Enterprise AI and Data IntelligenceMay 11, 2026Serdar8 min read

Embeddings and Vector DBs: Refreshing SME Document Search

Embeddings and Vector DBs: Refreshing SME Document Search

TL;DR: Embeddings and vector databases — moving SME document search to semantic retrieval, RAG architecture, and an implementation guide.

Summary: An embedding (vectorisation) turns text into a numeric vector; the question "are these two pieces of text semantically similar?" is then answered by vector distance maths. Vector databases (Qdrant, Chroma, Weaviate, Pinecone) store and query these vectors at scale. The most practical use case for SMEs is refreshing document search. Instead of the old "Ctrl+F keyword match", you get a "find me documents that are topically similar to this" approach. Combine a local LLM with a vector DB through a RAG (Retrieval-Augmented Generation) architecture and you can offer a "ChatGPT" experience over your company's own documents — without any data leaving the organisation.

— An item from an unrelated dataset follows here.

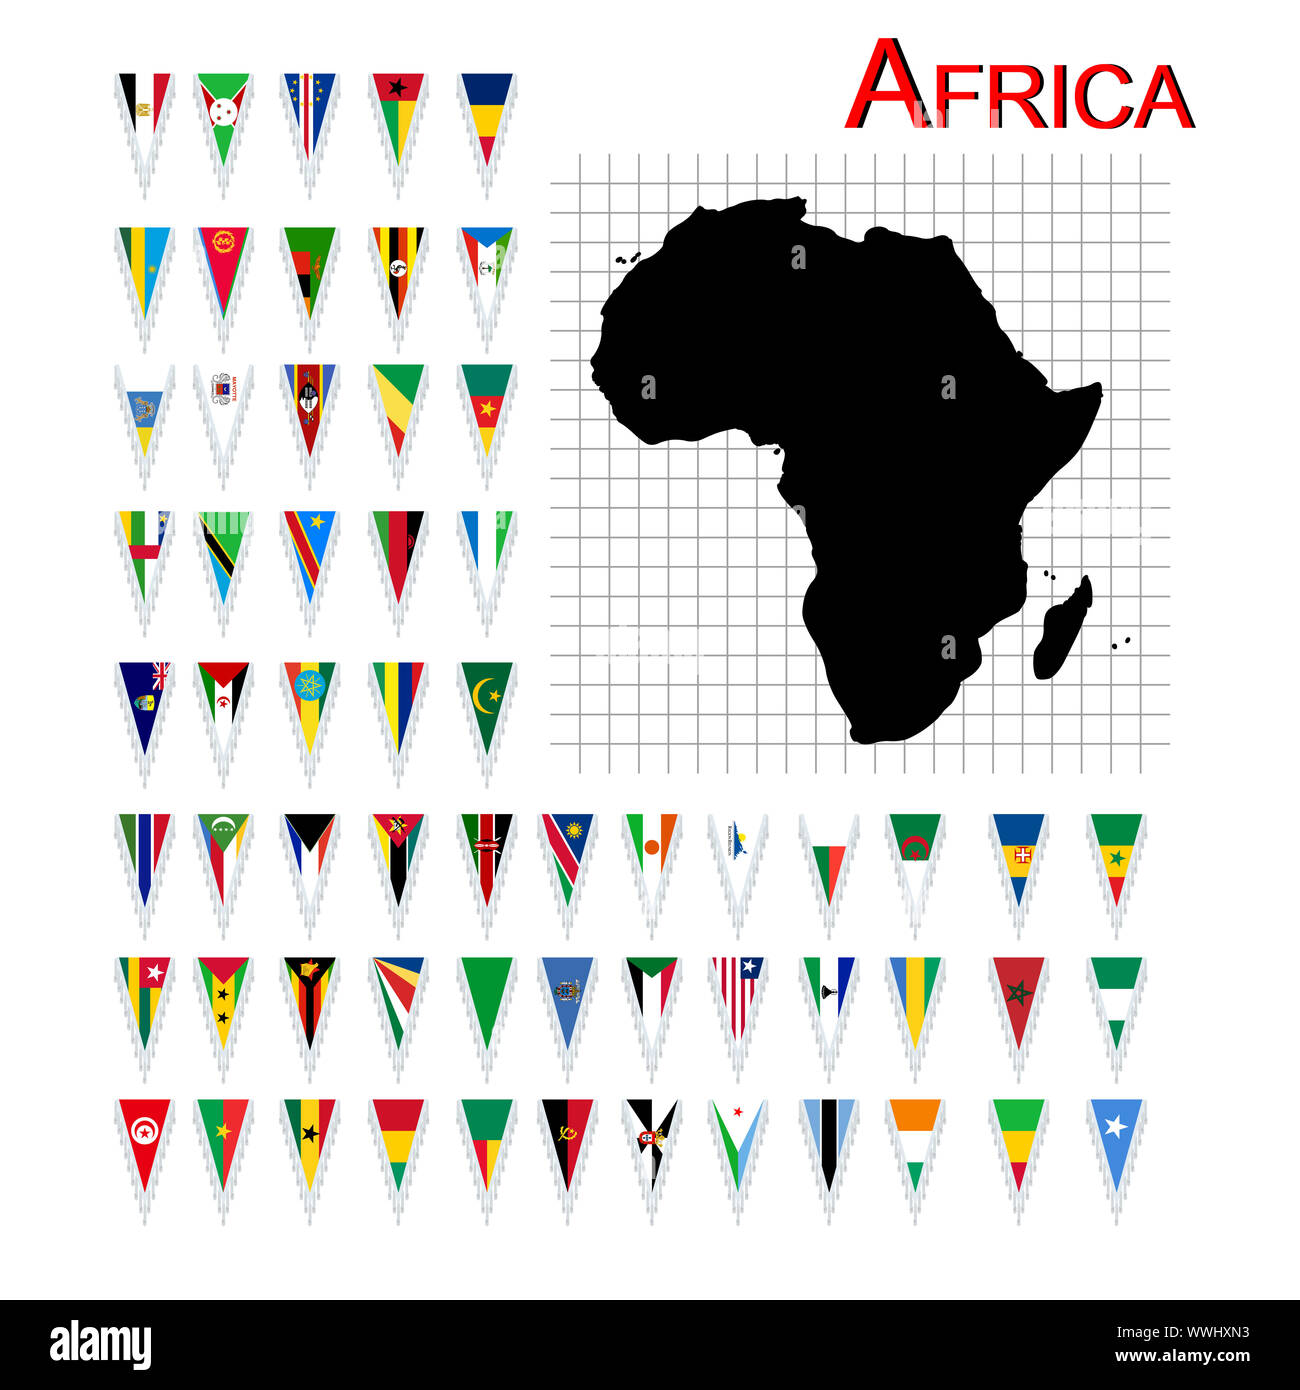 Complete set of African flags and map, isolated and grouped objects over white background Stock Photo

In SMEs, documents are scattered across SharePoint, file servers, Notion, and email archives. When information is needed — "where is that contract?", "what did we do for this customer last year?", "what does our company policy say?" — manual search takes hours. Classic keyword search returns 50 documents that contain the word "backup" and you can't tell which one is relevant. Embedding-based semantic search will surface documents about backup, BCP, and KVKK compliance even when the query "what should we do to protect our data?" doesn't share any keywords with them.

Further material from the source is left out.